Heffron asks, “Is implementation science a fleeting obsession or here to stay?” This is seemingly a loaded question, given Jay Bhattacharya, US NIH Director has gone all out with his support for implementation science, wanting to significantly increase the proportion of implementation science of the overall NIH budget from its current 7%, according to Geri Donenberg, Director of the NIH Office of AIDS Research. Others are suspicious, worrying that this support is in line with the current US administration’s efforts away from basic and clinical research.
Among the wrinkles at this year’s CROI was the decision to forego press conferences (both live and virtual) for the global media who have faithfully covered the meeting’s key scientific breakthroughs over the years. This was a missed opportunity against the backdrop of continued, deafening attacks on science, from vaccine research and rollout, attacks on communities across the board, funding shortages, withdrawal of membership in key normative bodies and many other transgressions of laws and moral principles. CROI needs to amplify the harmonious, as well as dissident, voices of researchers and community that the conference uniquely puts forth.

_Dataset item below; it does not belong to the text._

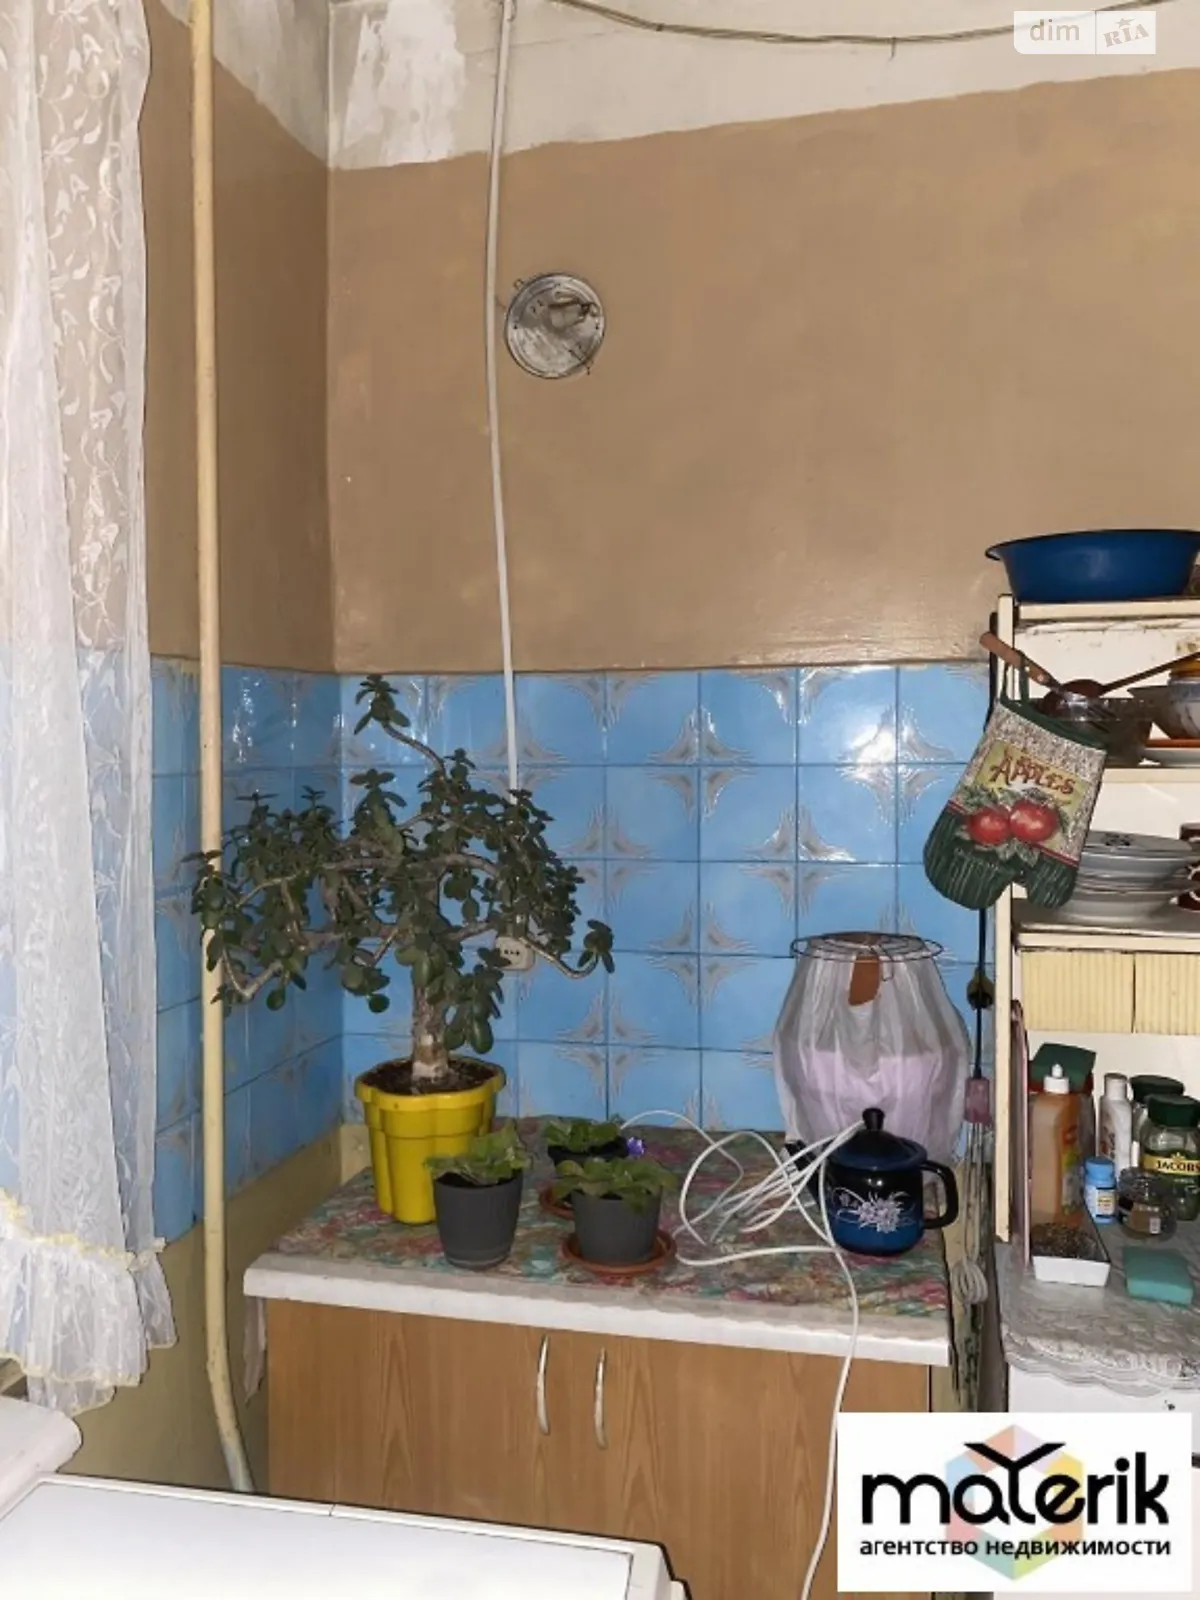 Продается комната 65 кв. м в Одессе, цена: 10000 $ - фото 1

And, on an up note, I want to close with a preview report back from the AVAC-organized PEP Think Tank on the heels of CROI. Catalyzed by data that the experimental MK-8527 monthly PrEP pill might reach protective drug levels within one hour, a cross-section of talent gathered to brainstorm next-generation PEP options. Heady questions like, Is an RCT necessary? Is an RCT even possible with new PEP formulation? What evidence would be needed to qualify for a label extension? What evidence would be needed for normative guidance and national implementation guidelines? What do communities want? How to improve upon PEP programs of today while preparing for additional options of tomorrow? And how to simplify and de-silo ARVs for treatment, PrEP and PEP with the next-generation drugs? Perhaps we’ll have some answers next year at CROI 2027, in San Diego. And they will be broadcasted widely.